В комнате помощника коронера что-то вновь упало на пол и разбилось.

— Уже уходишь? — спросил парень.

— Да.

— Куда ты теперь?

— До зимы мне нужно заглянуть к Кацу.

— Возвращаешься в Псарню?

— Мне больше некуда.

— Ты не прав. Не обязательно зарабатывать на жизнь кровью.

— Может быть, но ничего кроме я не умею.

— Займись воспитанием Агни.

— Ага, конечно, — Иво ухмыляясь похлопал Дирка по плечу и добавил: — Ты бы хотел, чтоб твоего ребенка воспитывал убийца?

— Нет.

— Вот и я не хотел бы. Да и если я умру, Кац покроет все расходы, и Агни…

— Иво, — перебил его помощник коронера, — ты же понимаешь, что Кац не сдержит данного тебе слова?
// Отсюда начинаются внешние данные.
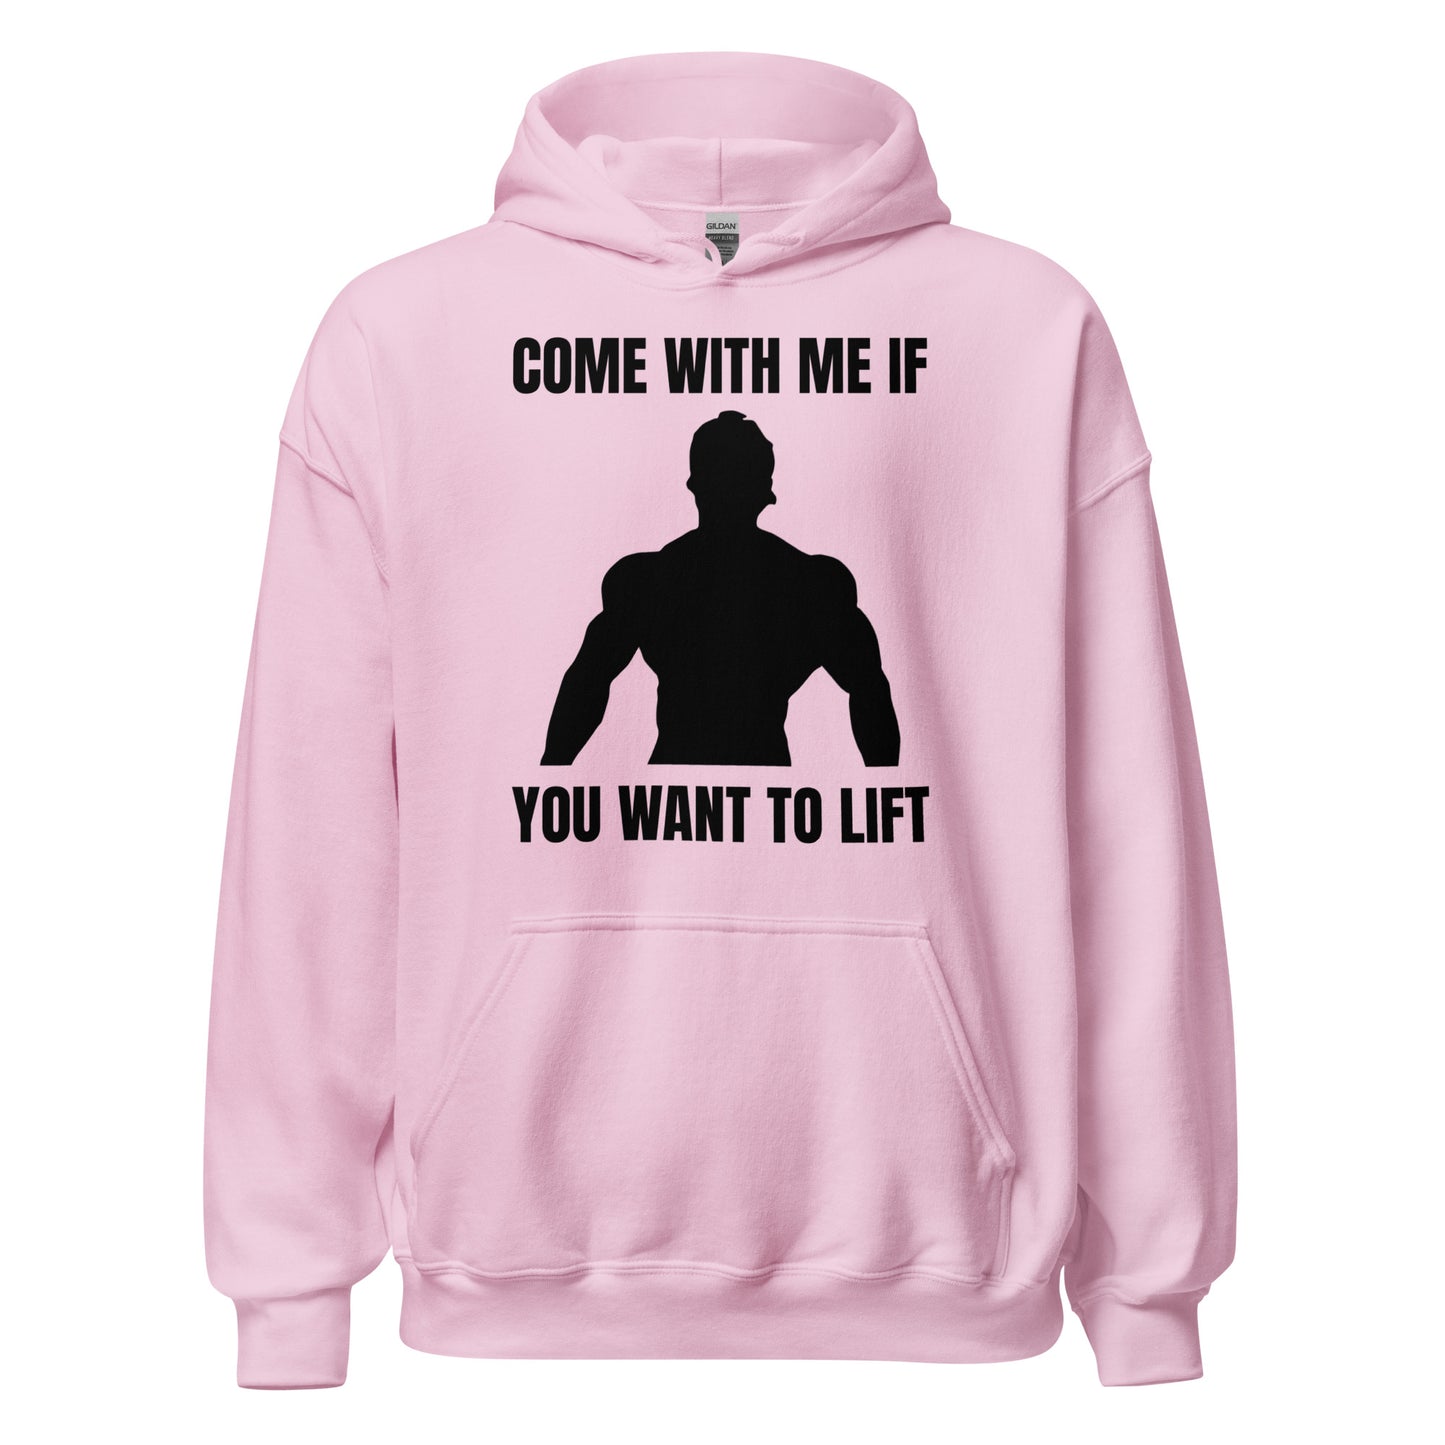 Come with Me if You Want to Lift Hoodie in Light Pink

Ты умрешь, и это положит конец жизни ребенка.

— Друг мой, если я еще раз услышу нечто подобное, я разобью твою морду… — Наемник открыл дверь и вышел со словами: — Если Умма объявится, передавай ей привет.

— Хорошо, друг мой.. — Дирк вышел на порог и помахал вслед уходящему наемнику рукой. — Живи как можно дольше, Псарь!.. Не ради себя живешь, — добавил он про себя.

Его звали Иво, и в кругу сведущих господ за ним закрепилось прозвище — Гончая. Он принадлежал к той редкой породе людей, которая не кичится собственными заслугами, не задирает нос и уж тем более не бросает слов на ветер. Однажды прославленный в Гриммштайне поэт Ян Снегирь сказал: «За людьми из Псарни ходят две дамы: баронесса фон Тишина и герцогиня фон Смерть, и не дай вам Бог составить им компанию. Гончая Иво брался за самые сложные заказы, а исполняемые им убийства приравнивались к искусству, ибо ни единого раза его не удалось поймать за руку. Для заказчиков он оставался тенью, а для жертв его не существовало и вовсе.